All of the schemes embed a great deal of information in a single code or term so that they are difficult to use or manipulate for other applications, such as decision support systems. If the application needs a slightly different point of view, it is almost impossible to find it.

All of these schemes are expensive to translate and maintain in multi-lingual form because every rubric must be translated individually. The effort is just sustainable at their current scale but threatens to become completely unmanageable as they become larger still.

GALEN attempts to provide a reference model - the GALEN Common Reference Model - as a unifying framework for various coding schemes old and new. Because it contains much more information than a traditional coding system, much more can be done automatically. Using the GALEN Common Reference Model, the GALEN Terminology Server can mediate between the multitude of existing coding schemes or they can extract, rearrange and transform the information they contain into forms that other applications can use. They can generate plausible, if not perfect, expressions in any of the natural languages supported, based on the structure of the expression in the GALEN Common Reference Model.

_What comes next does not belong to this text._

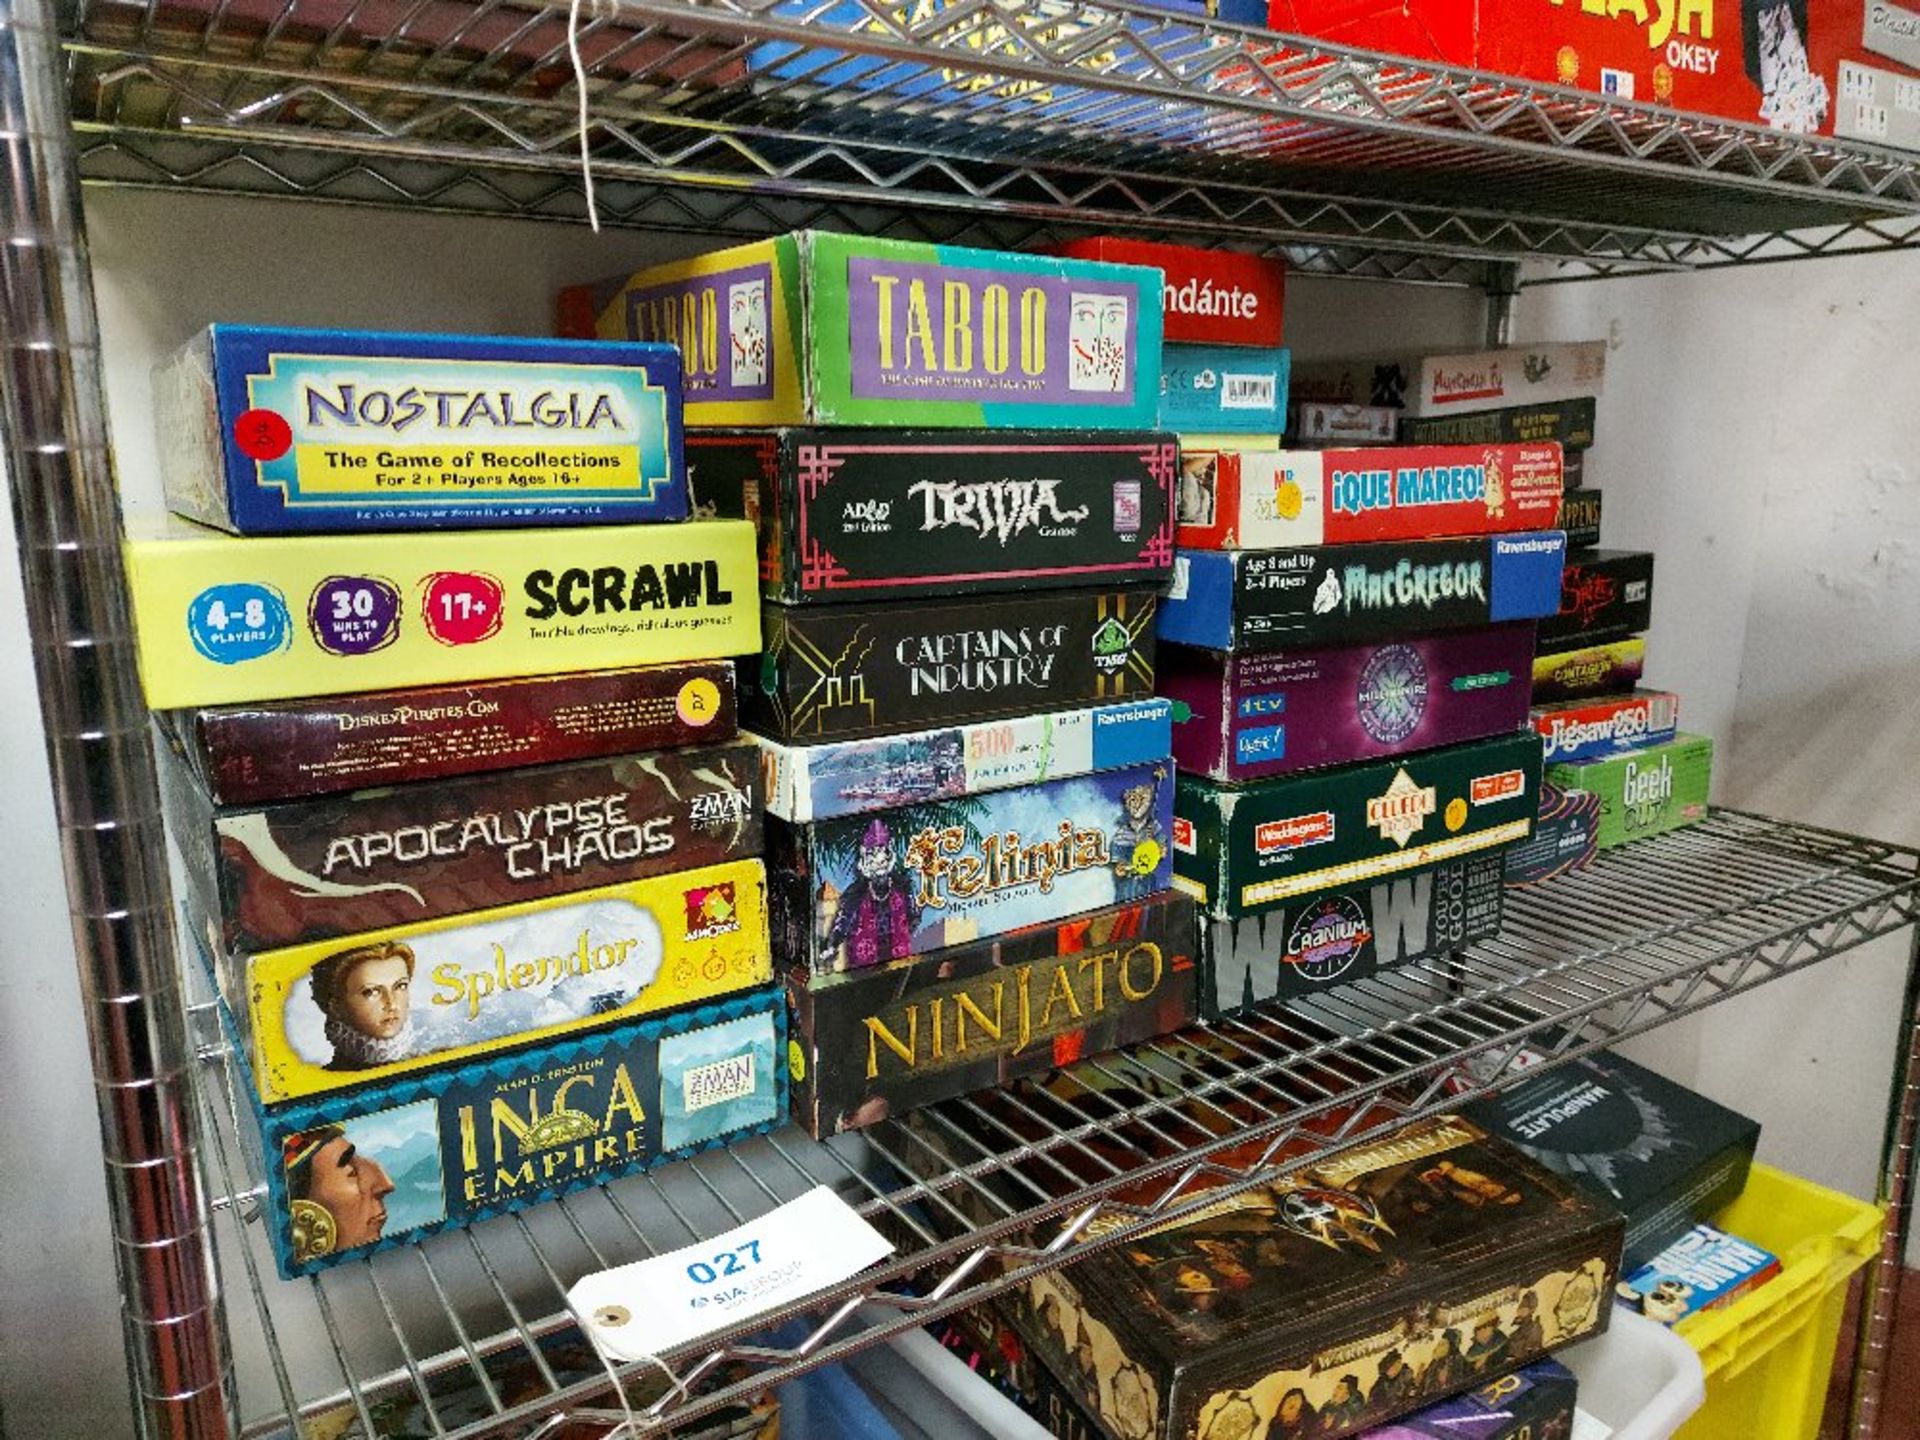 Contents of shelf to include quantity of board games

1.8 What makes it different? Is it yet another coding system?

GALEN is not producing yet another coding system. We are aiming to provide a qualitative difference in usefulness. We believe that existing coding and classification schemes have reached (and exceeded) the limits of manageability, and have several inherent deficiencies that limit their usefulness and inter-convertibility. We believe a more formal system for representing medical concepts is now essential so that computer technology can be harnessed to manage and represent the inherent complexity of the domain.

GALEN is not alone in this view. Other groups are also now working on different ways of representing a clinical terminology, spurred on by exactly the same issues that have motivated the development of the GALEN Technology. However, we believe that none offer the range of experience, depth of understanding, and practical demonstration, in both software technology (the GALEN Terminology Server) or clinical content (the GALEN Common Reference Model) that is found within the GALEN Technology.

A GRAIL model is more than an enumerated list or tree of concepts - it can represent arbitrarily deep levels of clinical complexity. A GALEN Terminology Server allows the concepts in a model to be re-organised to give many alternative points of view on the same model e.g. organised by function or organised by anatomy. It can classify new concepts which have never been encountered before (provided the concepts are consistent with the model), and can transform between different points of view on the same or related concepts e.g. between viral hepatitis ; and hepatitis virus .

This means that we usually do not provide applications with the model in a simple text file, or even a series of database tables. Rather, we encapsulate the model, and the implementation of the GRAIL formalism, inside a software system (the server) that provides services to applications — it answers questions about concepts ("what sort of thing is this?", "what can I say about it to describe it further?"); it provides references for external applications to store ("please give me a single reference number for ‘severe breathlessness made worse by lying down at night’"), and interpretations of those references ("give me a French phrase and an ICD code for the concept represented by the magic number 6347891328").

An analogy we have found useful is that the difference between a traditional classification scheme and GALEN is likened to the difference between a text file of information and a database management system.

1.9 How is GALEN different from the UMLS?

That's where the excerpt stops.